How long did it take you to buy fuel into your car last week? And, at what cost, time and money? Now, how much of that hard-earned fuel did you burn in unnecessary traffic jam, much of it caused by queues at the few filling stations dispensing fuel?
It is a cycle; we were at this point some time in the past, then we were told never again shall we see fuel queues. It is actually one of the achievements of the outgoing government. But the administration also realised that the feat came at a great cost to it and the national treasury. However, when it took steps to review it, the pain for the poor and the likely denial of comfort for the few fat cats in the society stood in its way. The upset last week was artificial. It was caused by marketers’ refusal to lift fuel, until the government honoured the outstanding subsidy payment. The stunt worked. Government announced payment of N156 billion!

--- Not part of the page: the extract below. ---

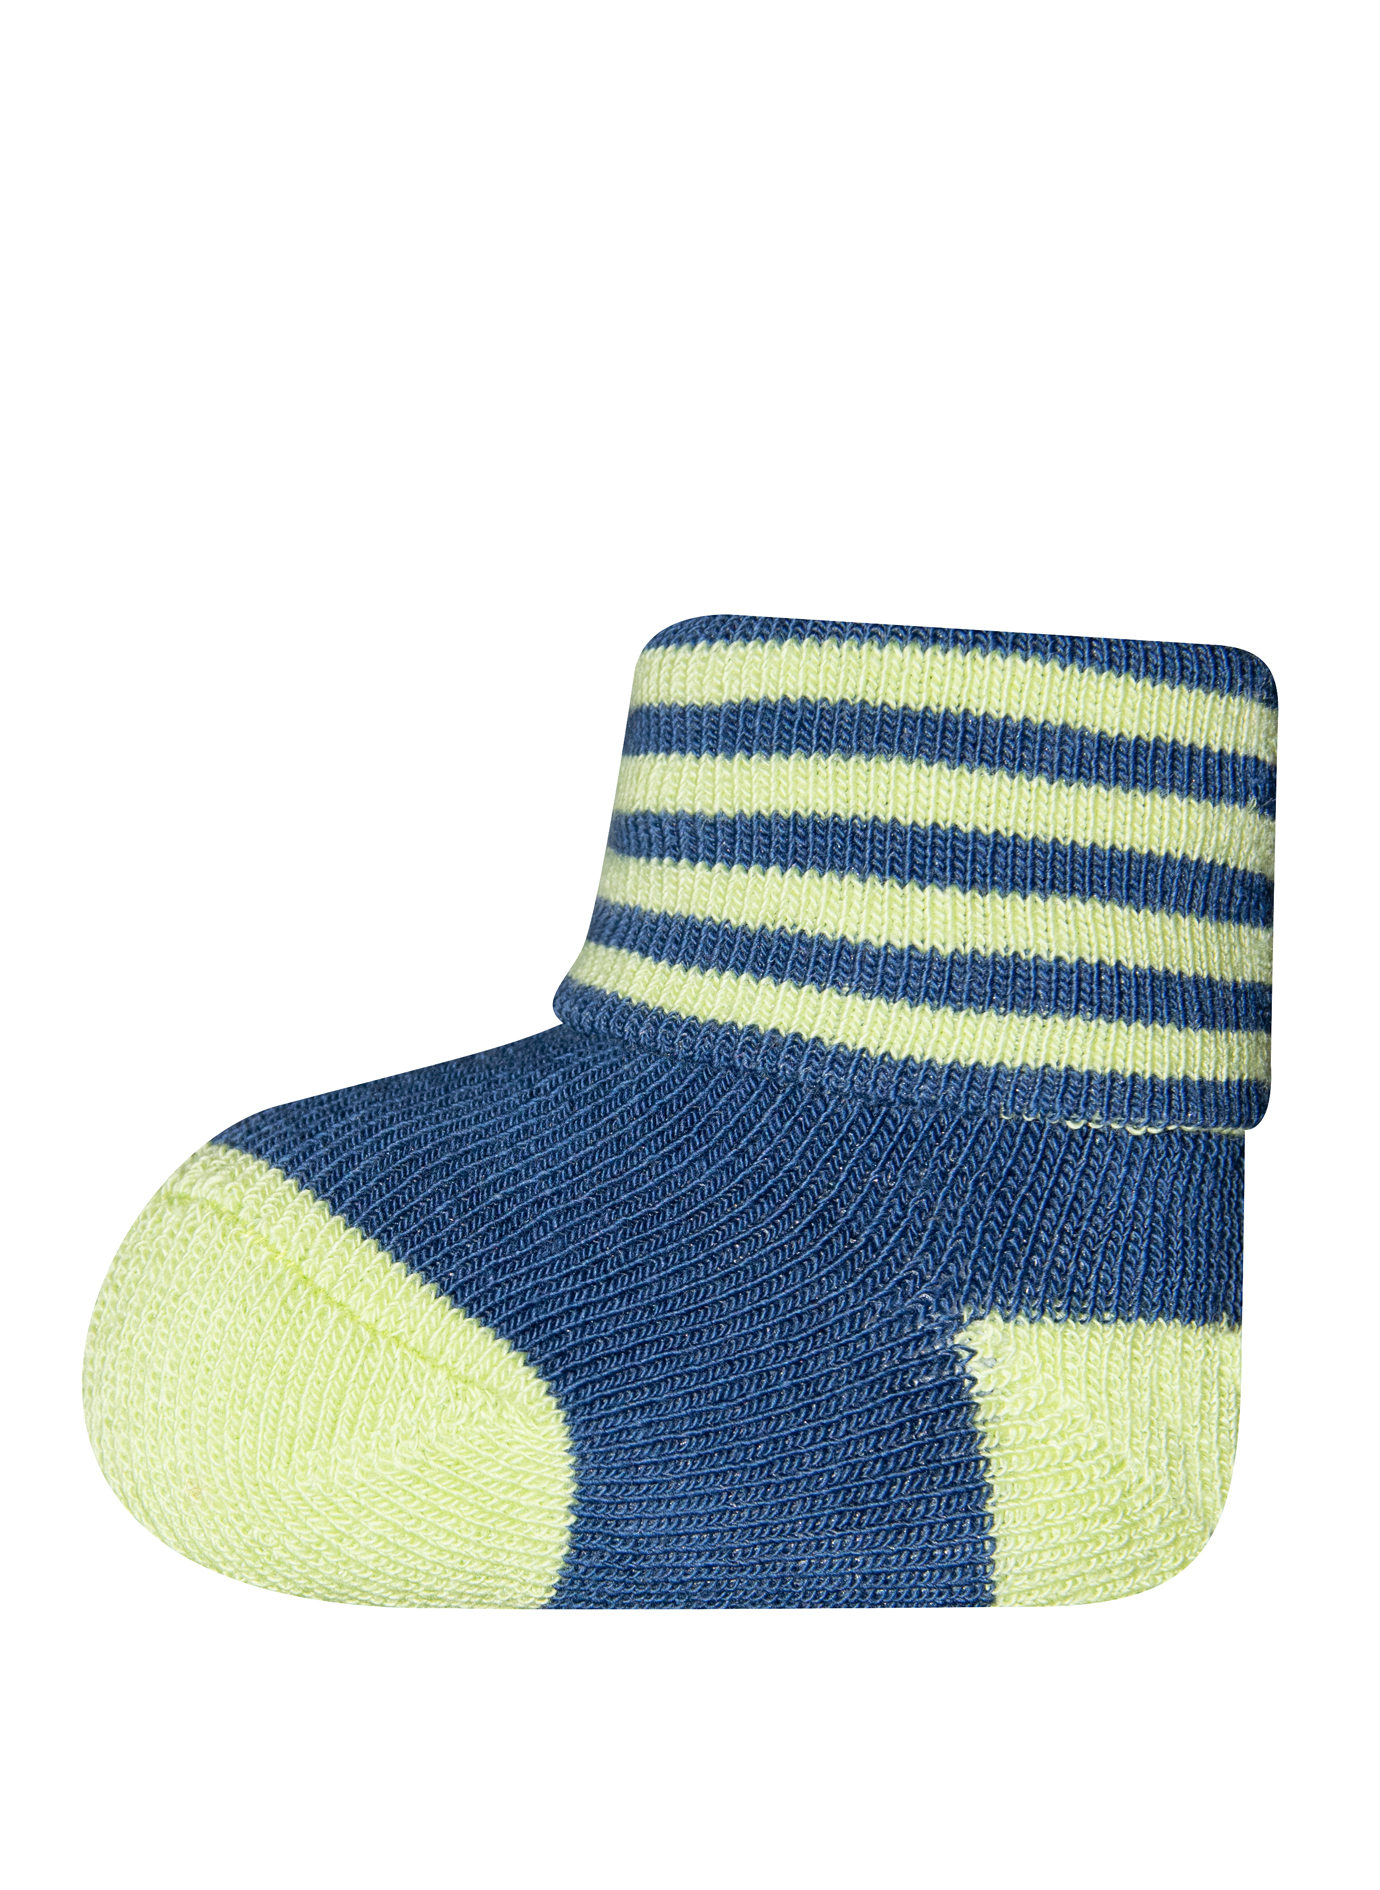 Jungen Erstlings-Socken (Dreierpack) Blau und Grün

Perhaps we are getting close to the solution. For, there are people who believe that the term petroleum subsidy is a scam, both in concept and in practice. The good news is that Professor Tam David-West, a leading voice in this school of thought, and many others are influential friends of Muhammadu Buhari, retired general and former head of state who is warming up to re-take the mantle of leadership come May 29. These people also believe that we should be paying far less for one litre of fuel. Therefore the chorus in town is that subsidy is gone for good! So must the queue, as we expect the new government to track the billions believed to have evaporated from the vault of the Nigerian National Petroleum Corporation, NNPC.
That, we are assured, will be done through the restructuring of the NNPC, a corporation considered a good candidate for probe. To find out the leaks in NNPC and the authenticity of the alleged missing oil money, for example the alleged missing $20 billion, is cheering news. But with efforts that have gone into the search for the money, we wonder whether it will not amount to another Wild Goose Chase. That is the basis for the story written by Salif Atojoko, deputy general editor, business and special projects. He sieved through the reports by the Senate and the forensic report on the same issue. The story is one of our special reports.

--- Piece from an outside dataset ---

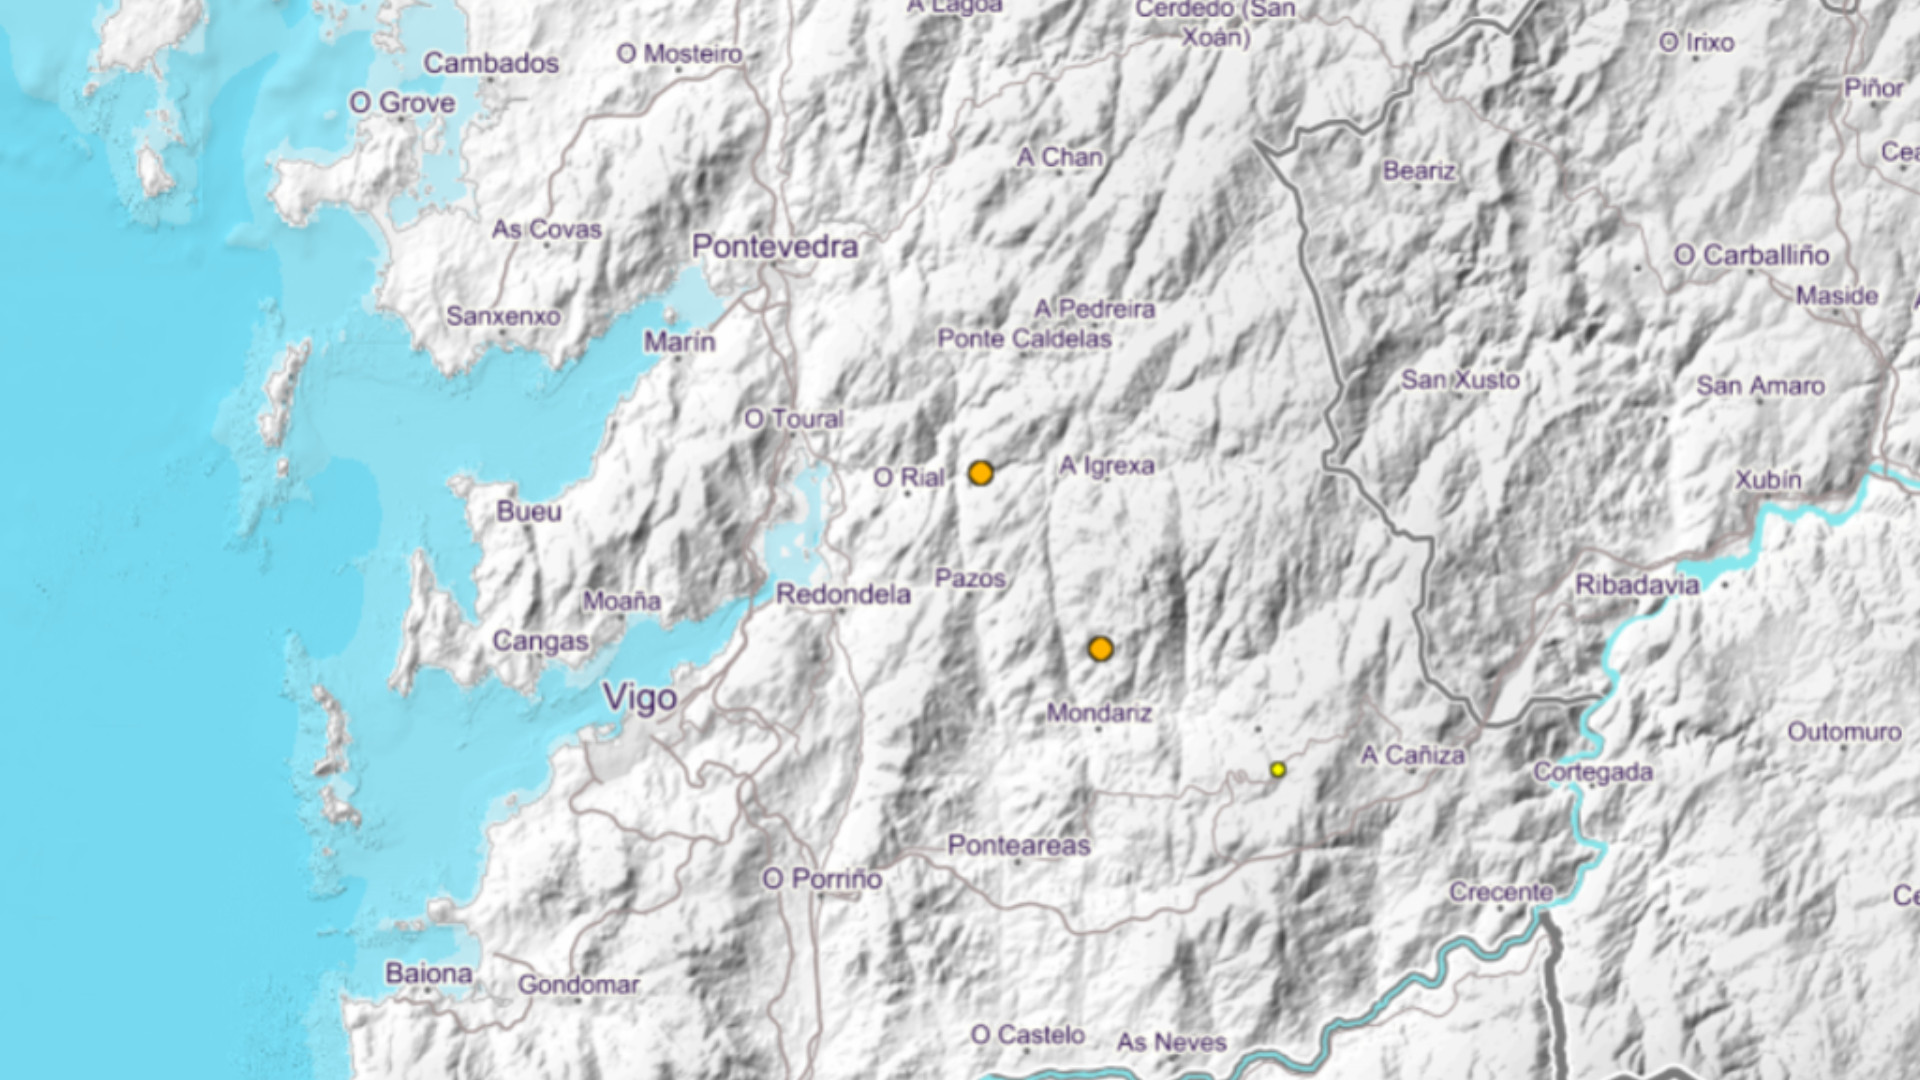 Tres terremotos registrados esta semana en la provincia de Pontevedra. Imagen: ING

While the country waits for Buhari, something happened last week that raises a signal about the temperament of the incoming administration. The temporary ban of the Africa Independent Television, AIT, raises question about how tolerant the new president would be of the press. Anayochukwu Agbo, general editor and head of Abuja Bureau, while also considering the antecedent of the general, points out the dangers inherent in the decision that even the All Progressives Congress, APC had to quickly reverse. The story, Media: The Buhari Albatross, is the cover in this edition.
The second special report is on the fate of families who lost loved ones to election-related violence in the last exercise. Iseribhor Okhueleigbe, assistant editor who was in Rivers State for the two election days anchored the story, The Forgotten Victims, with reports from other places.